Table 1: 8800 GTX vs. 8800M GTX

|              | 8800 GTX |         | 8800M GTX |         |
|--------------|----------|---------|-----------|---------|
| Operation    | GFLOP/s  | GFLOP/W | GFLOP/s   | GFLOP/W |
| Cholesky     | 10.46    | 0.059   | 7.41      | 0.116   |
| Weight Solve | 9.77     | 0.055   | 6.55      | 0.102   |
| Covariance   | 113.33   | 0.640   | 62.86     | 0.982   |

Figure 3 describes the relative processing times for the various processing steps of our IR STAP application. This diagram shows that two bottlenecks that were common with earlier GPU implementations, namely CPU/GPU memory transfers and scatter/gather operations, have been overcome in our implementation. Prior to CUDA, GPUS were programmed with shader programming languages that required frequent CPU/GPU memory transfers and often limited the programmer's ability to perform scatter/gather operations. Using CUDA we were able to implement our application such that it requires few memory transfers and performs a gather step (detection gather) very rapidly. In our implementation the transfer and detection steps only take 7% and 1% of our overall processing time.

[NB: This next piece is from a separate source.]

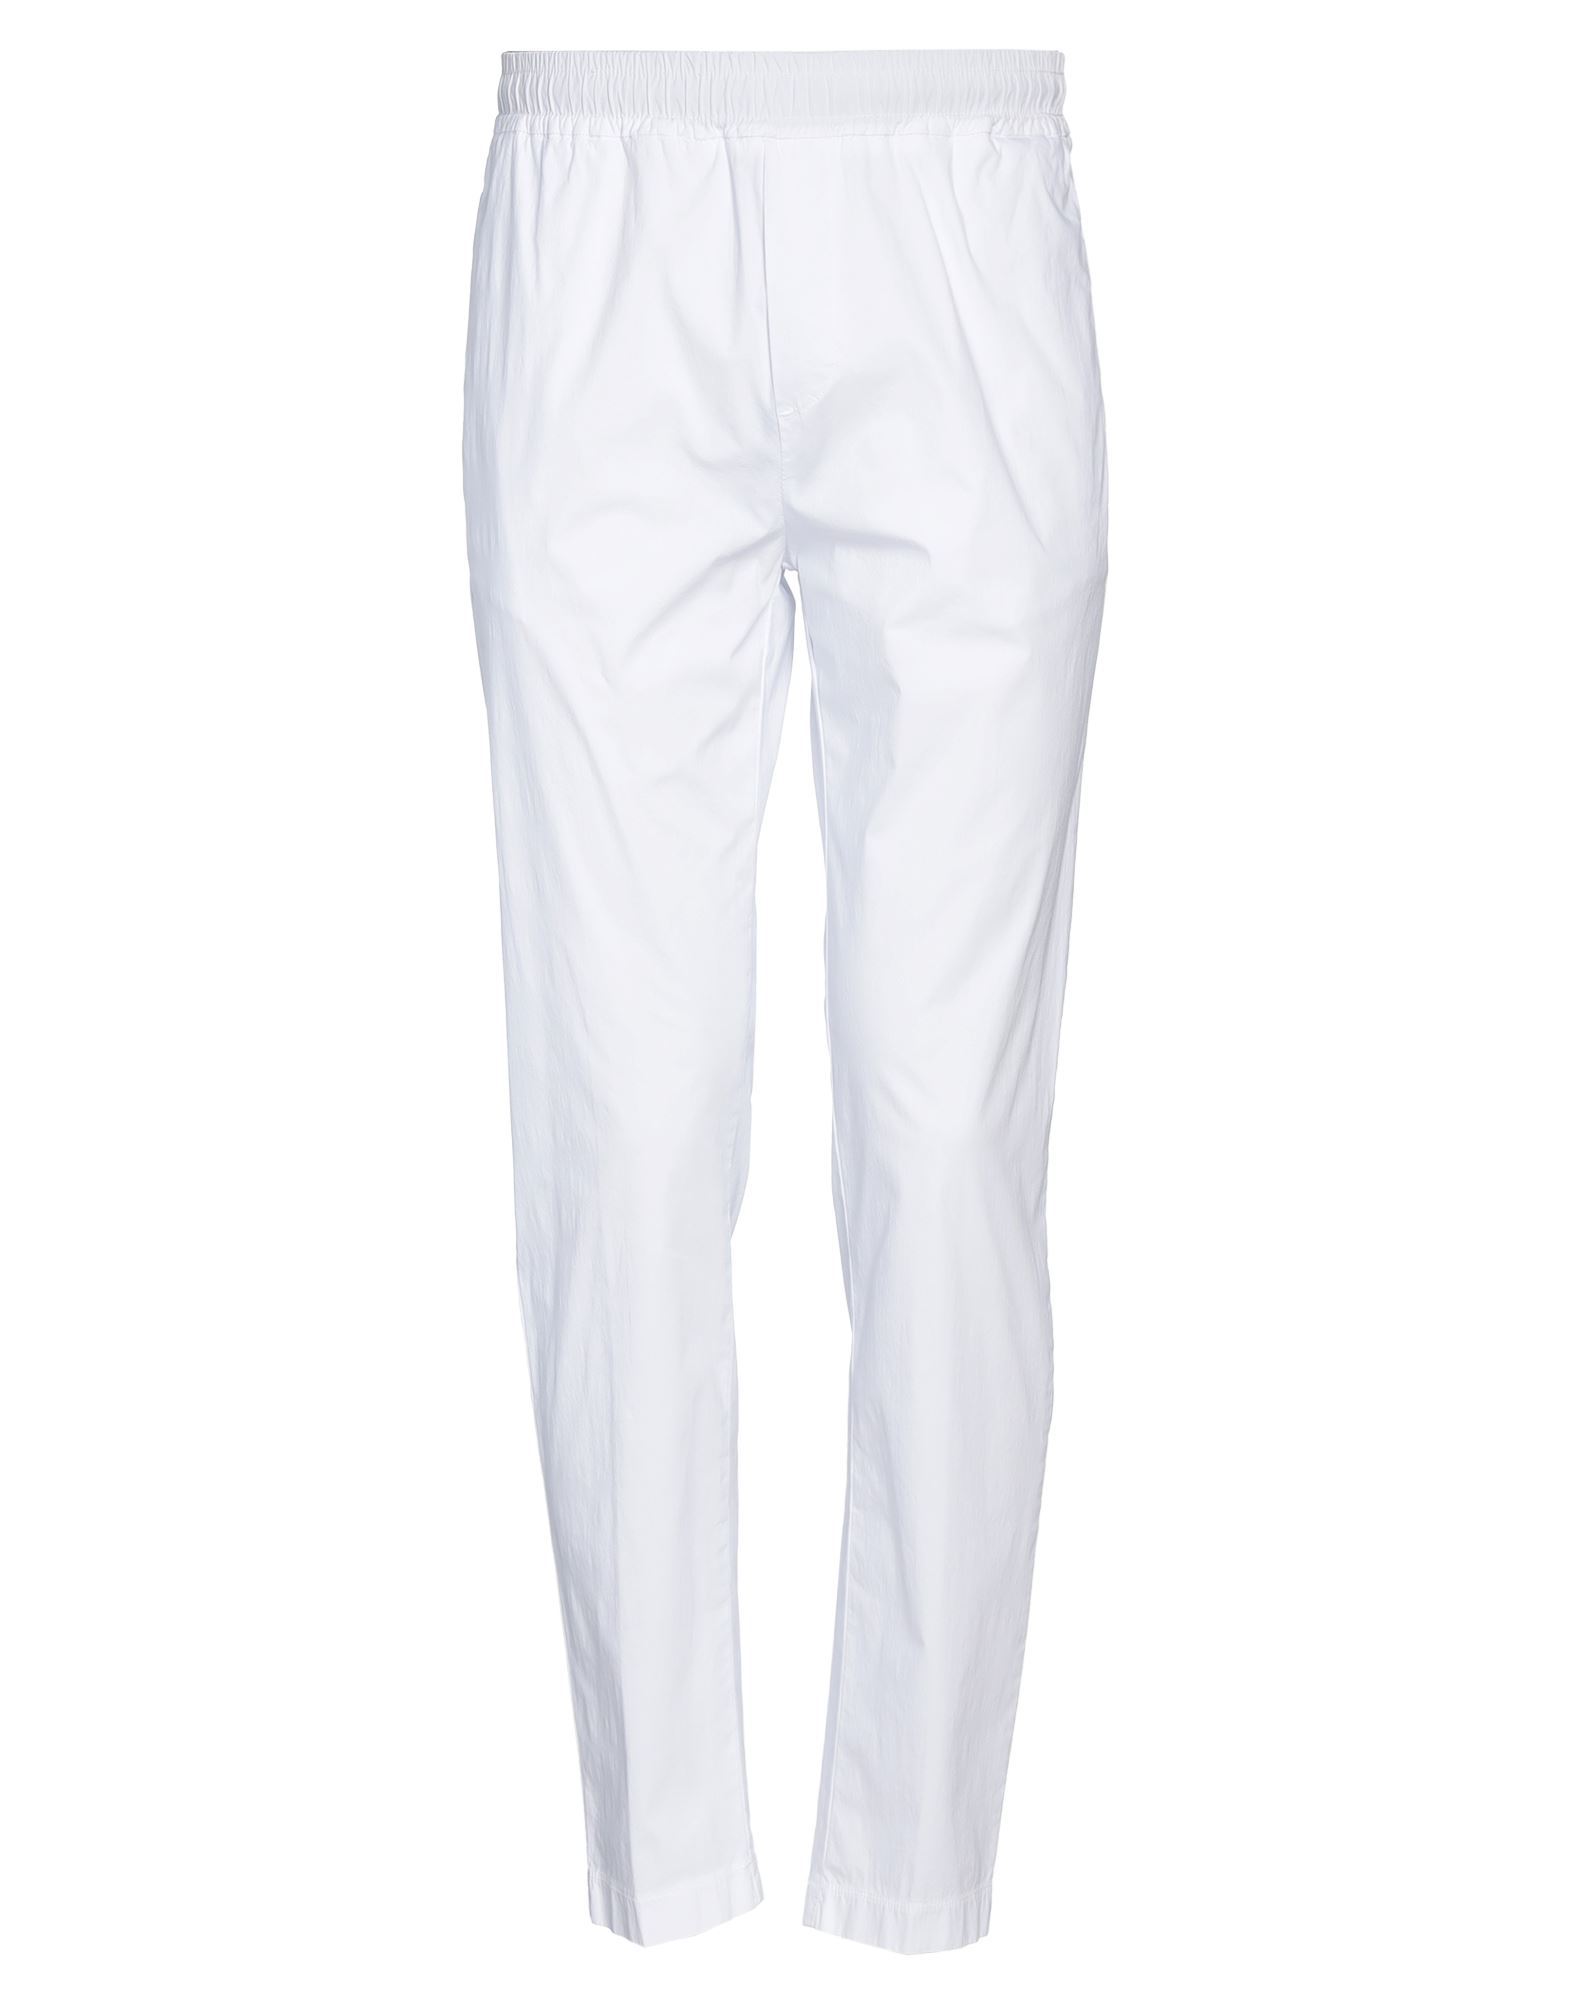 Pmds Premium Mood Denim Superior Pants In White

Figure 4 shows that GPU based matrix multiplication operations exhibit significant improvements to the power/performance ratio over both traditional CPU based architectures as well as to IBM Cell architectures.



Figure 4: GFLOPs per Watt for Multiplication on Various Architectures<sup>1</sup>

The performance and performance/power ratios of our various kernels will be discussed in greater detail in our presentation.

#### Conclusions

Many of the limitations that previously existed to GPU programming have been overcome with modern programming tools such as CUDA. With CUDA a wide variety of applications and types of parallelism can be exploited with excellent performance and little CPU/GPU transfer overhead.

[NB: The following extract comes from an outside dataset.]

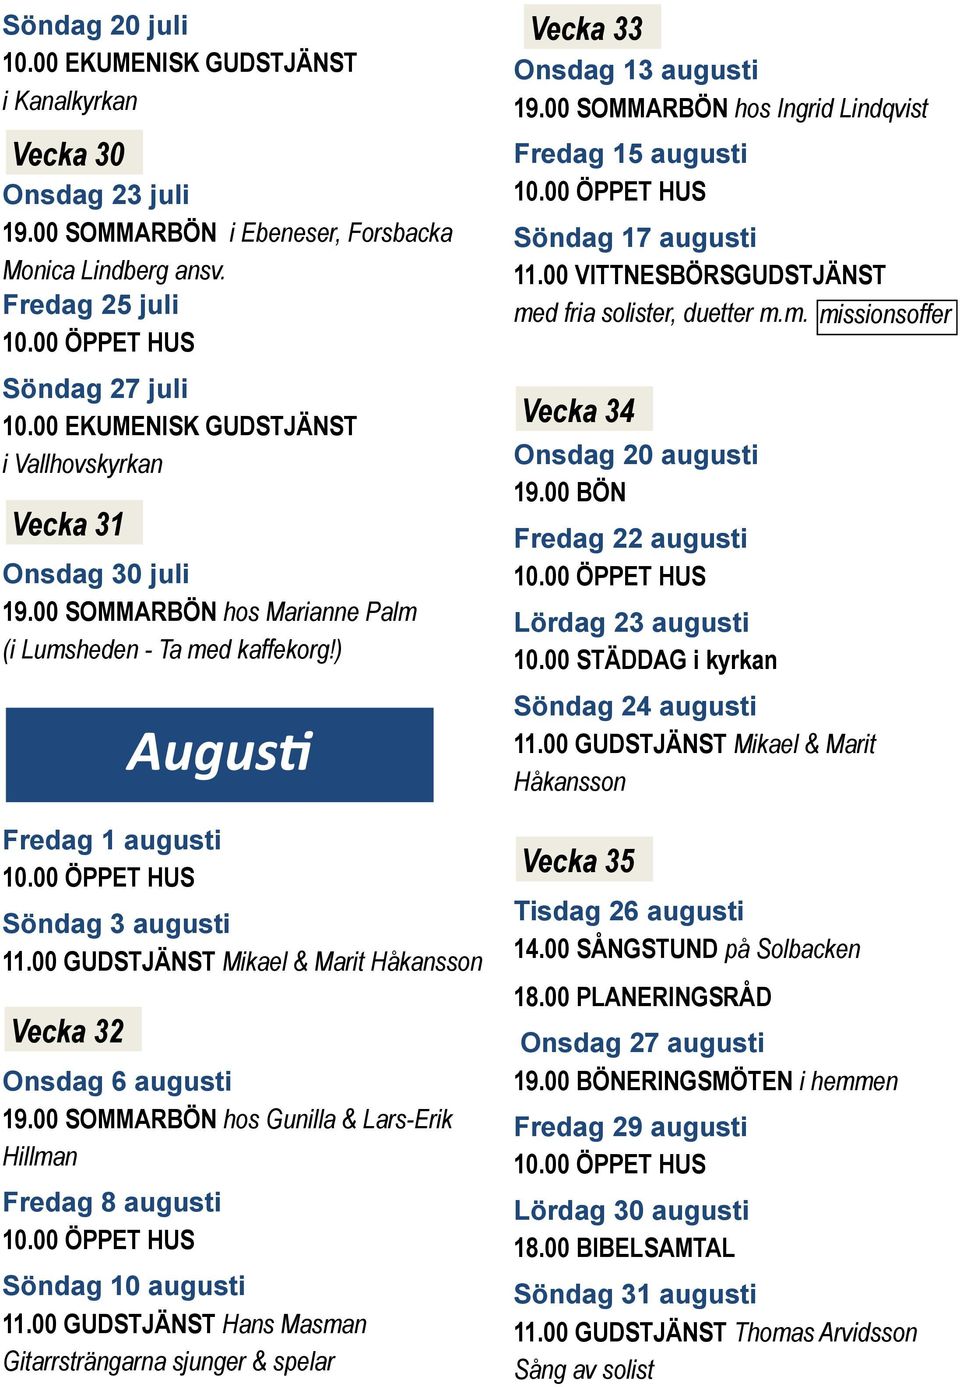 00 GUDSTJÄNST Mikael & Marit Håkansson Vecka 32 Augus Onsdag 6 augusti 19.00 SOMMARBÖN hos Gunilla & Lars-Erik Hillman Fredag 8 augusti Söndag 10 augusti 11.

In addition GPU's offer excellent performance/power ratios and the ability to scale power consumption up or down by using different GPU parts (mobile vs. desktop) which make them well suited for low power high performance applications.

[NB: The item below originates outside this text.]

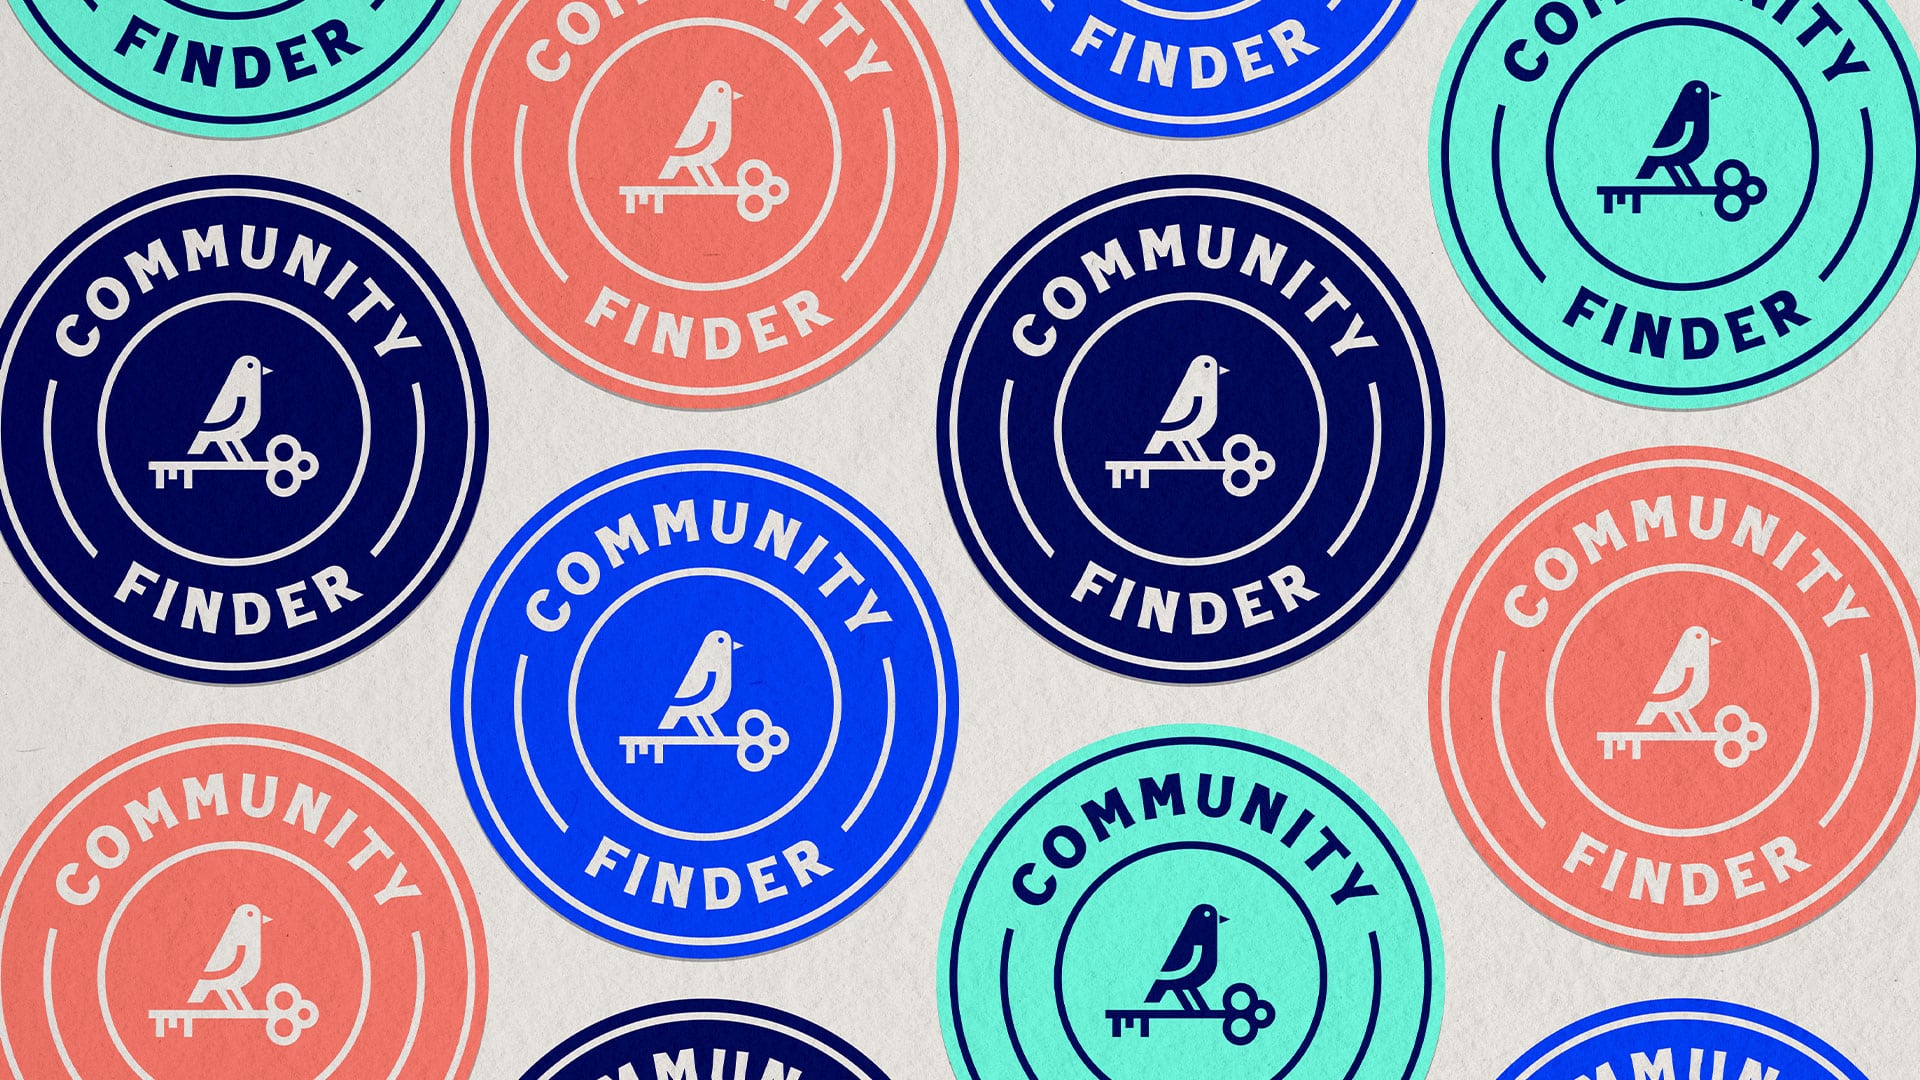 Community Finder Stickers

With these improvements to development tools and their excellent power characteristics GPUs are becoming competitive with FPGA and DSP processors for DSP applications.

#### References

- [1] D. Healy, D. Braunreiter, J. Sillaci, D. Boe, J. Furtek, and X.Sun, "DARPA STAT BOY: Fast Hybrid QR-Cholesky Factorization and Tuning Techniques for STAP Algorithm Implementation on GPU Architectures", *HPEC* 2007 *Workshop*, Lexington, MA, September 2007
- [2] GPU Sgemm Implementation, Vasily Volkov, NVIDIA CUDA Forums, http://forums.nvidia.com/index.php?showtopic=47689
- [3] NVIDIA Corporation, "NVIDIA CUDA Compute Unified Device Architecture Programming Guide", Version 1.1, June 2007

<sup>1</sup> GPU matrix multiplication results generated with SGemm implementation by Vasily Volkov [2]

Figure 3: IR STAP execution profile.